What the exercise asks:
Return exactly the lines of the records below, starting at the line that contains "Willie Nelson Kris" and ending at the line that contains "Balifahne_Bali4you_hochzeitsfahne", with both of those lines kept.

Extracted material:
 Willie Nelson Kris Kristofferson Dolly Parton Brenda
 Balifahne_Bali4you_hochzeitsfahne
* * *
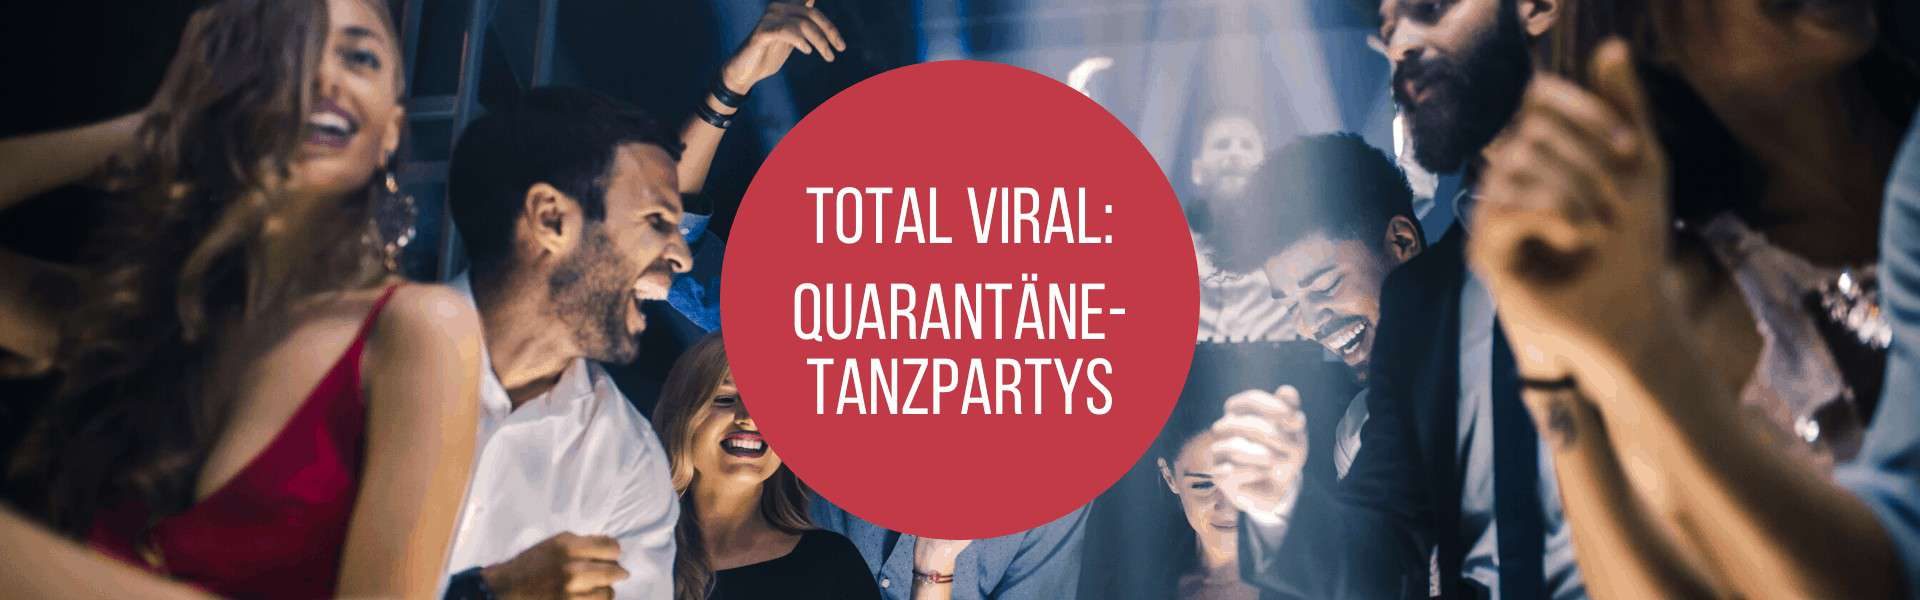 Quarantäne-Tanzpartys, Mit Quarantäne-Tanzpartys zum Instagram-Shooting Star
...
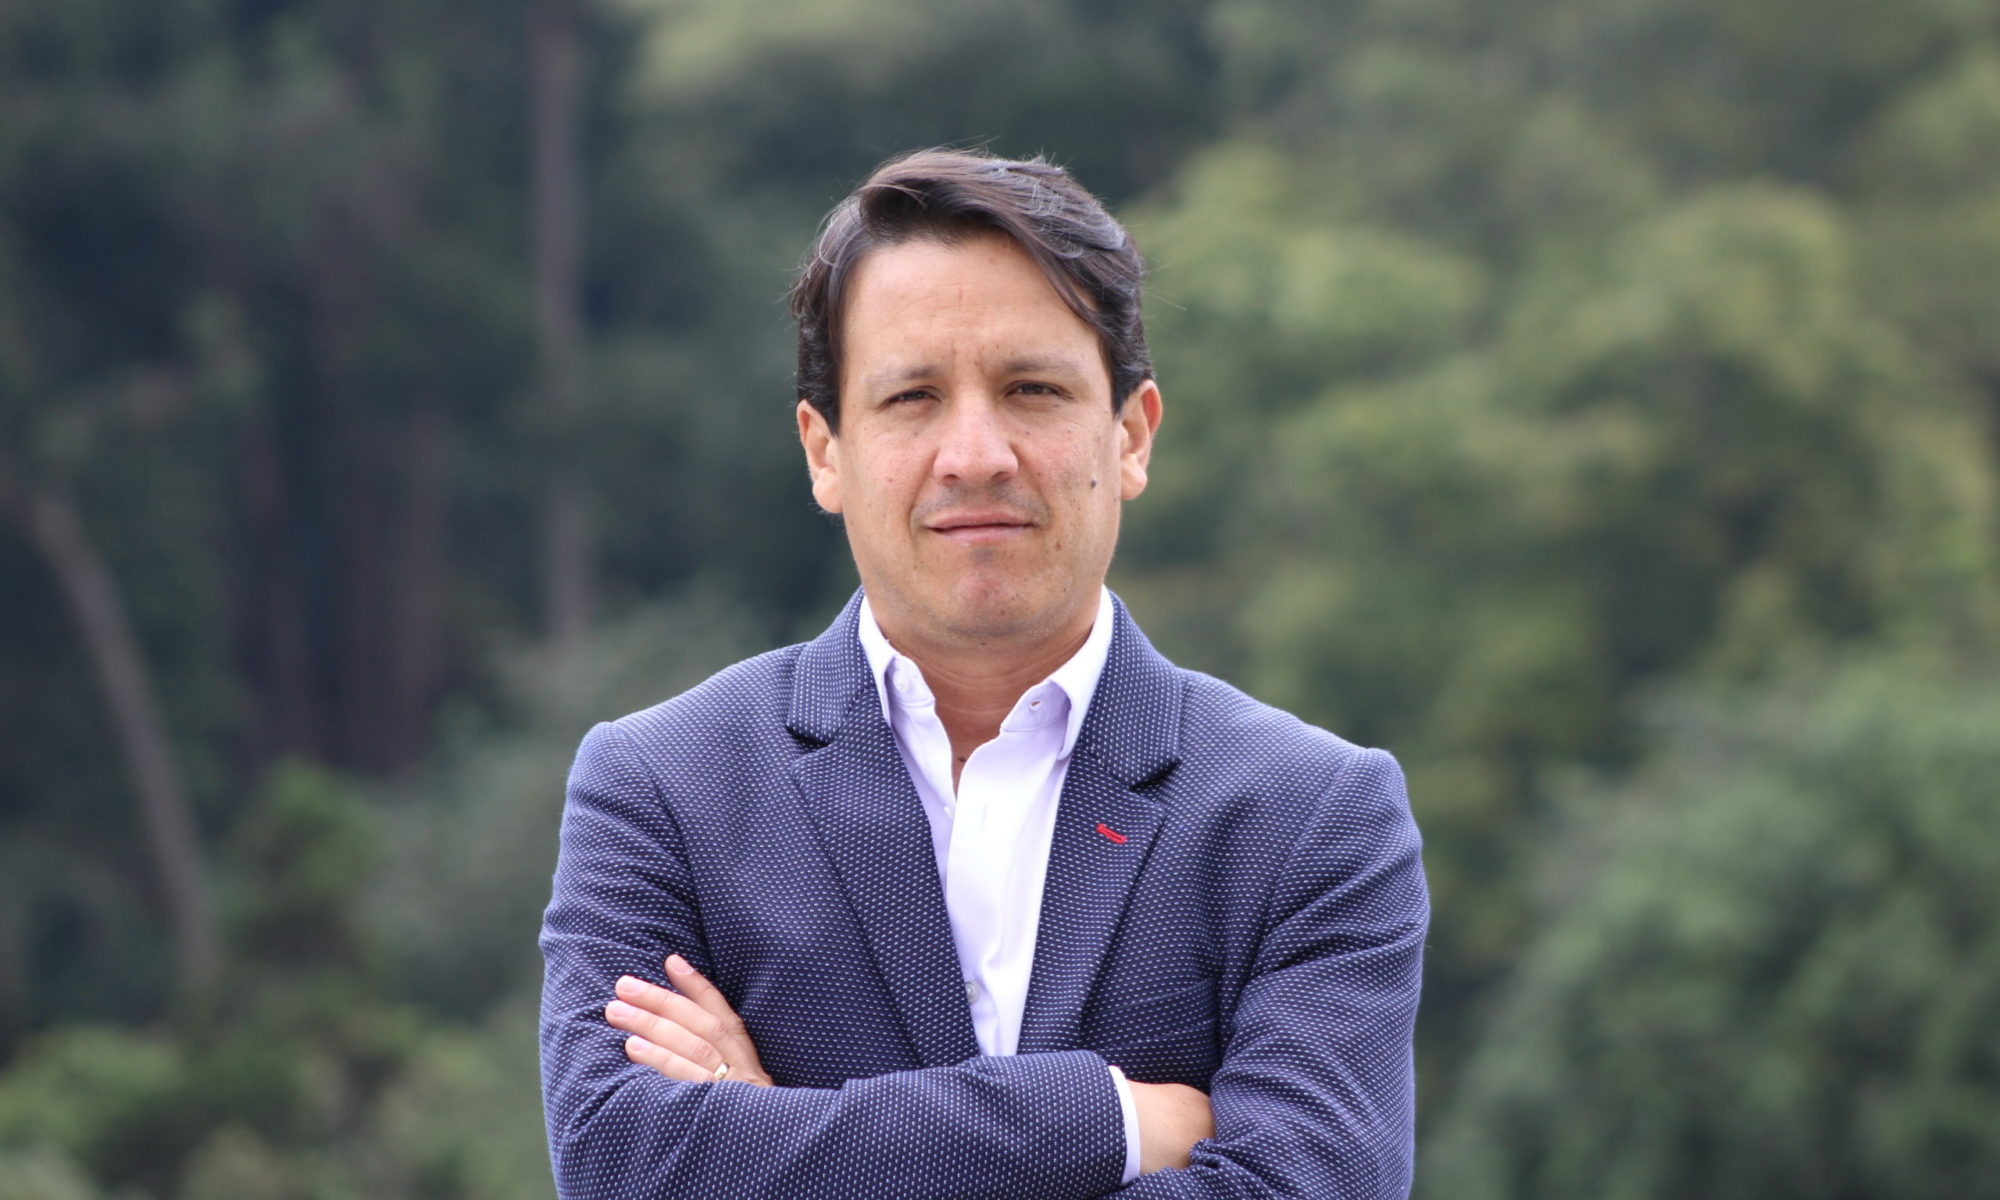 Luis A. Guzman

Answer section:
 Willie Nelson Kris Kristofferson Dolly Parton Brenda
 Balifahne_Bali4you_hochzeitsfahne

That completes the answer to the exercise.